We have been doing customized BPPM development for the last 12 years.  To further eliminate a client risk,  we offer fixed-price quotes on well-defined requirements that will fit your total budget. For example, if you estimate that it will take your operations support staff 6 weeks at $75/hr to finish an integration project, we can take the project to fit your total estimated budget ($75 x 240 = $18,000).  We can afford to do this because we have developed a time-approved methodology for any integration and most of source code has already been developed.  Of course, we will be able to deliver the solution to you in far less than 6 weeks.

Monday, November 3, 2014

Total Cost of Ownership of BPPM - Part 4: Customization in BPPM operations

In the previous posts, we discussed the first two types of BPPM customization: adding new features and integration.  In this post, we will focus on the third type of BPPM customization: automation in BPPM operations.

When you build a house, the time you will be living in that house is much longer than the time you spent to build your house.  It would make sense to add some extra features to the house during the construction to make your life easier after you move in.  For example, you may want to wire for surrounding sound speakers and Ethernet during construction.

The same applies to BPPM implementation. For every BPPM implementation, its costs more in many years of operations than in a few months of implementation.  It would make sense to add the necessary customization during implementation that will cut down the cost of operations.  For every full-time staff you save in operations, that is about $100K saving year and year. 

Although some automation for BPPM operations can be added after implementation is completed, majority of the automation should be planned as part of the implementation.  As an example, I am going to share how our 'cell extension' product has kept large BPPM operations manageable with a small support team.

BPPM support team spends majority of their time to: 1) Gather user requirements on monitoring, email notification, and ticketing assignments; 2) Configure or customize BPPM to meet user requirements; 3) Optionally develop customization in dev environment; 4) Test configuration and customization in UAT environment; 5) Deploy configuration and customization in production environment under change control; 6) Set up blackout period for scheduled and on-demand maintenance windows; 7) Trouble shoot when things don't work as they should be.

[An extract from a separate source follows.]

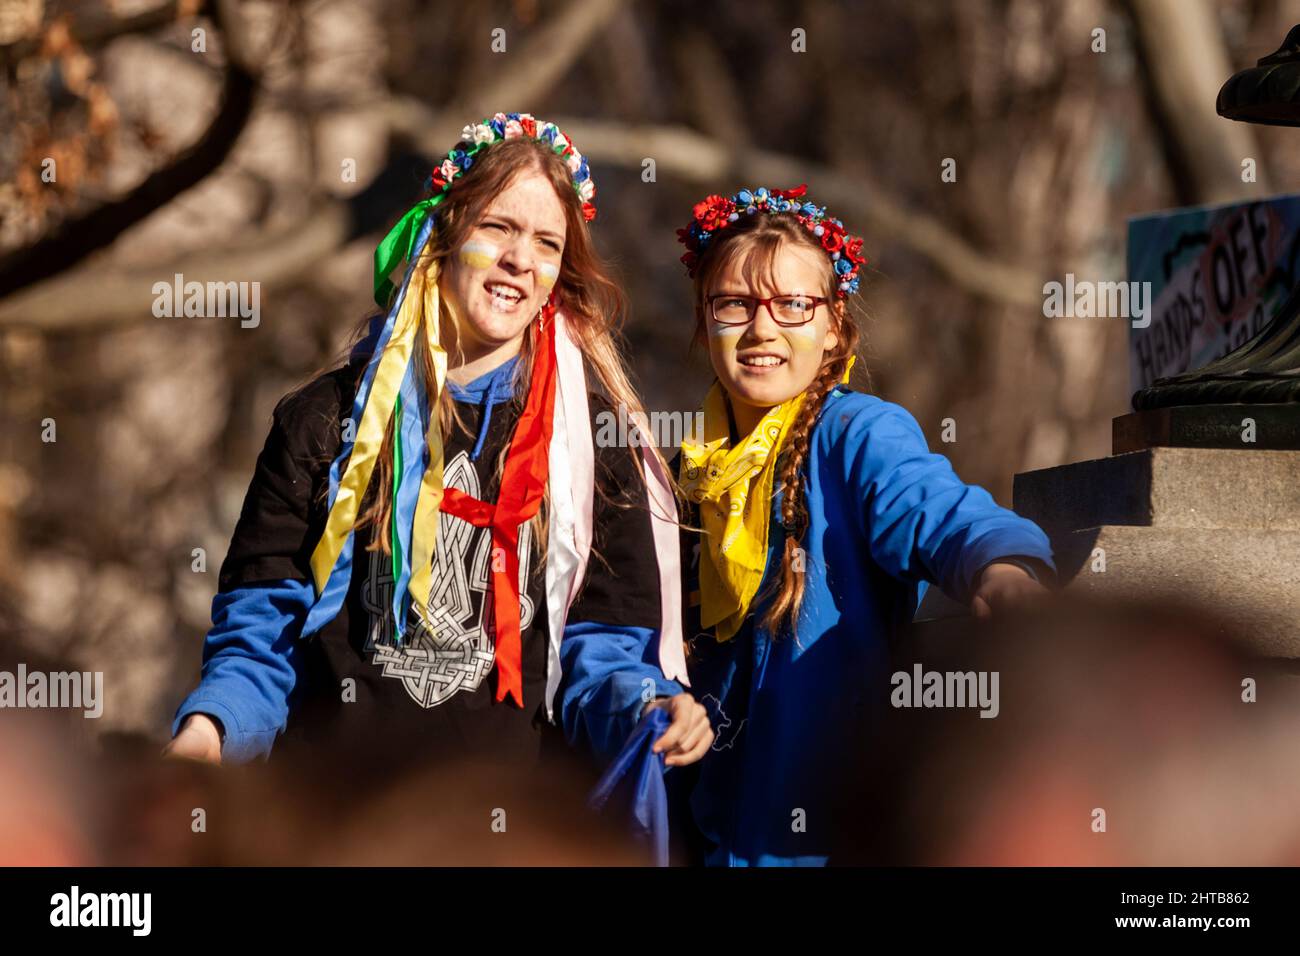 Washington, DC, USA, 27 Febbraio, 2021. Nella foto: I manifestanti indossano fiori e nastri nei loro capelli durante un raduno per l'Ucraina alla Casa Bianca. Migliaia di persone provenienti da tutti gli Stati Uniti si sono riunite per ringraziare gli Stati Uniti e altri paesi per il loro aiuto, e per chiedere una zona di non volo e altri aiuti per l’Ucraina. L'evento è stato sponsorizzato da United Help Ukraine e attivisti ucraini statunitensi, sia organizzazioni di assistenza che di advocacy statunitensi. Credit: Allison Bailey / Alamy Live News Foto Stock

Our 'cell extension' product is a BPPM cell knowledge base applied on top of BMC's out-of-box knowledge base.  It includes all the common features in BPPM operations such as event updates, repeats, aggregation, delay, blackout, rewording, email notification, Remedy ticketing, etc.  For PATROL and Portal events, no cell policy configuration or rule programming is required.  For all 3rd-party events, you only need to provide slot mapping from the 3rd-party events by following our clear sample code as a one-time setup.  As an added bonus, it also provides plug-and-play interfaces for 2-way integration with any 3rd-party monitoring software.

Our 'cell extension' product is entirely data driven thus it works for every BMC customer.  It uses a few simple forms for user input.  All these forms can be viewed and updated offline without BPPM access.  An end user can fill up those forms with the help from BPPM support team initially.  Many end users even choose to own those forms and put them under source control system.  Through these forms, an end user can tell BPPM what events they are interested, how they want the message to be formatted, who to email, which group the ticket should be assigned to, etc.  BPPM support team only needs to help end users to fill up the forms or fill the forms for them, check the forms for error, and load those forms directly into BPPM.  And the same forms are used for dev, UAT, and production environment.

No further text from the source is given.